This solution uses a digital trie to encode the strings to search.
A good background to this data structure can be found here:
Ternary Search Trees | Dr Dobb's,
which also discusses a better solution that I did not explore (ternary
search trees).
A trie has a search speed that is O(m), where m is the number of
characters in the string to find in the dictionary. A hash table is
O(1), which is theoretically faster than a trie, but in practice the
trie is faster because the has table has to hash all characters in the
string to create the hash key, whereas the trie can reject a string by
matching as little as 1 character.
The solution trades memory usage for speed. Every string in the
dictionary is organized into a hierarchy of character codes.
Essentially, the dictionary encodes a DFA (deterministic finite
automaton) where each character code is a transition from one node to
the next one. This provides very fast search speeds, especially when a
non-matching string is encountered. In other words, the trie can reject
incorrect strings very quickly (as soon as a non-matching prefix to a
valid string is seen).
To store a string in the dictionary, we start at the root (which is just
a hash
or array of the character codes of the first character of every string
in the
dictionary).
trie = root
for each character code in the string to store
trie[character code] ||= {} # or [], if arrays used
trie = trie[character code] # drop down 1 level
end
trie[0] = true # Mark end of word (code 0 will never be used)
It is necessary to mark the end of a word because you can get words that
are prefixes of other words (for example, can, canna, and cannabis).
This allows you to decide if you want to use a least-prefix or greedy
search. This code uses a least-prefix search that returns the shortest
matching string in the dictionary. This is due to the requirements of
the quiz. However, it should be easy enough to code a greedy search.
The search algorithm is surprisingly simple. The search space is the
text that
we want to search for matching strings. The code starts at the first
character of the search space and tries to find a match in the
dictionary anchored at that position. If it does not detect a match, it
moves the anchor to the next character and starts again.
trie = root
for each character code in the search space
break unless character code is in trie
trie = trie[character code]
end
found a valid string if trie[0] exists
Each character in the dictionary to be searched is an index into a hash.

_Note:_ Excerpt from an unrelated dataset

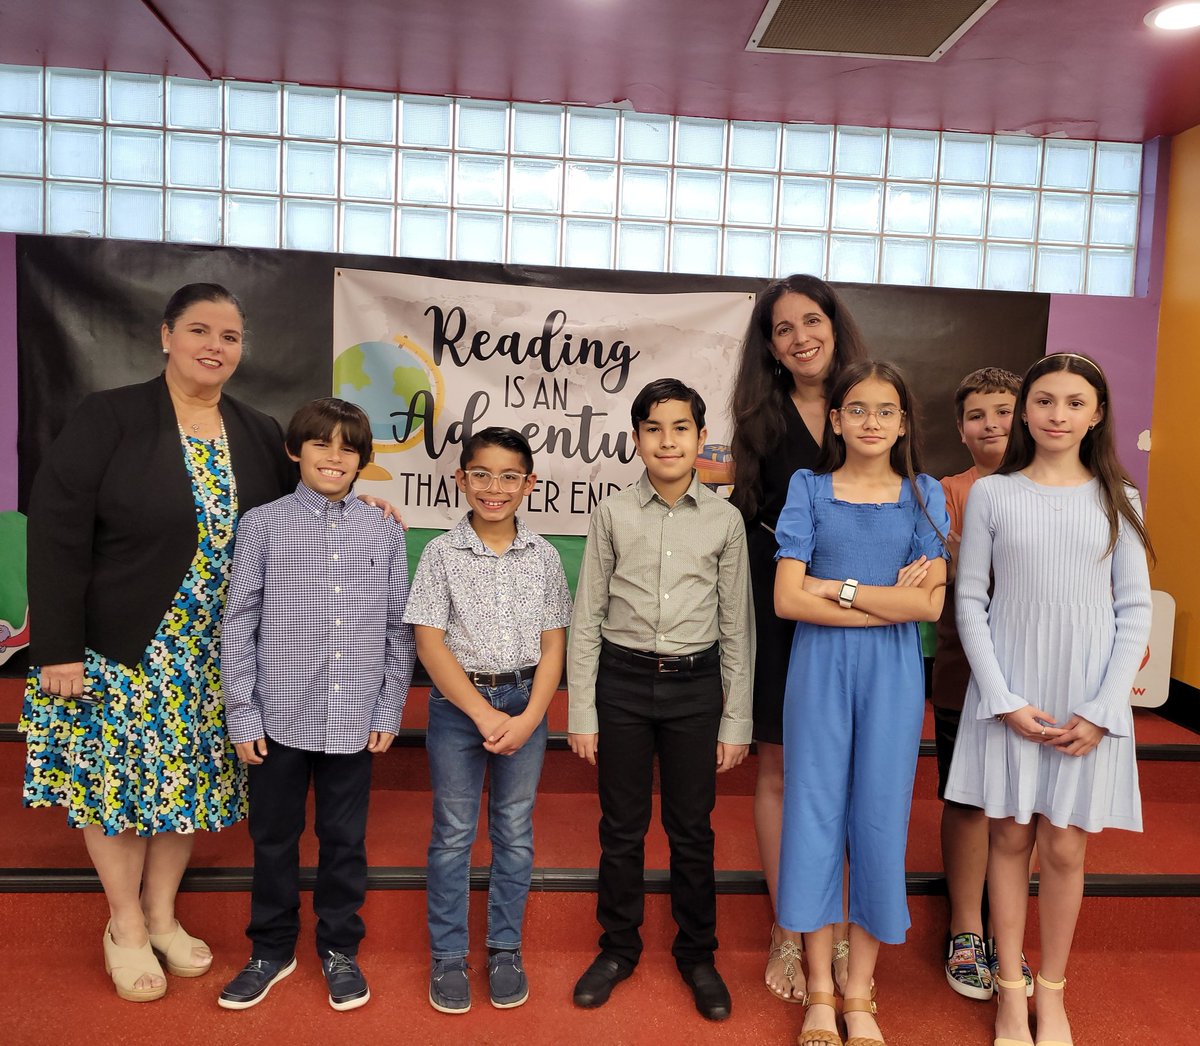 Congratulations to this year's @coralparkelementary Student Council! Thank you, Ms. Yedo for serving as their advisor....we are so proud of them and look forward to their continued success and achievements! @MDCPS @MDCPSCentral @MDCPSAcademics 
@MDCPSSocStudies 
#civics

Informal benchmarks on my system (Intel Core 2 Duo E6600 on Win XP 32
bit)
shows a memory usage of about 15MB when using a hash as the basic trie
storage, and 30+Mb using an array, when storing a dictionary of 24,001
words.
The speed seems to be about the same either way, so the hash solution is
the best bet.
The test code finds all words in the 24,001 word dictionary in a text of
about
600KB. On my system, this takes around 2 seconds. This does include a
possibly
incorrect optimization: once a word is matched, the anchor point is
moved to
after the word so that substrings within the word are not matched. This
may
or may not be what is desired, but removing this optimization almost
doubles
the run time.
The code itself is fairly short:
class DictionaryMatcher
attr_reader :word_count
def initialize
@trie = {}
@word_count = 0
end
def add_word(word)
@word_count += 1
container = @trie
word.each_byte do |b|
container[b] = {} unless container.has_key? b
container = container[b]
end
container[0] = true # Mark end of word
end
def include?(word)
container = @trie
word.each_byte do |b|
break unless container.has_key? b
container = container[b]
end
container[0]
end
def =~(text)
text_end = text.length - 1
pos = 0
while pos <= text_end do
container = @trie
pos.upto(text_end) do |i|
b = text[i]
break unless container.has_key? b
container = container[b]
end
return pos if container[0] # Match
pos += 1
end
nil
end
Return container of matches in text [[pos, len], …]
or call block if provided (returns [])
def find_all_matching(text, &block)
matches = []
block = lambda { |pos, len| matches << [pos, len] } unless block
pos = 0
text_end = text.length - 1
while pos <= text_end do
container = @trie
len = 0
pos.upto(text_end) do |i|
b = text[i]
break unless container.has_key?(b)
container = container[b]
len += 1
end
if container[0] # Match
block.call(pos, len)
pos += len # Skip over word
else
pos += 1
end
end
matches
end
implement much of the rest of the interface implemented by Regexps
alias_method :===, :=~
alias_method :match, :=~
alias_method :<<, :add_word
Add words from a file
def add_words(words_file)
IO.foreach(words_file) do |line|
add_word line.chomp
end
end
end
I have posted the code, Test::Unit tests, the test file, and dictionary
file on my web site here:
http://finecomputerconsultants.com/ruby_quiz/dictionary_matcher-0.1.tgz
I hope I have not violated any copyrights/lefts by supplying the text
files; if so, let me know and I will remedy this.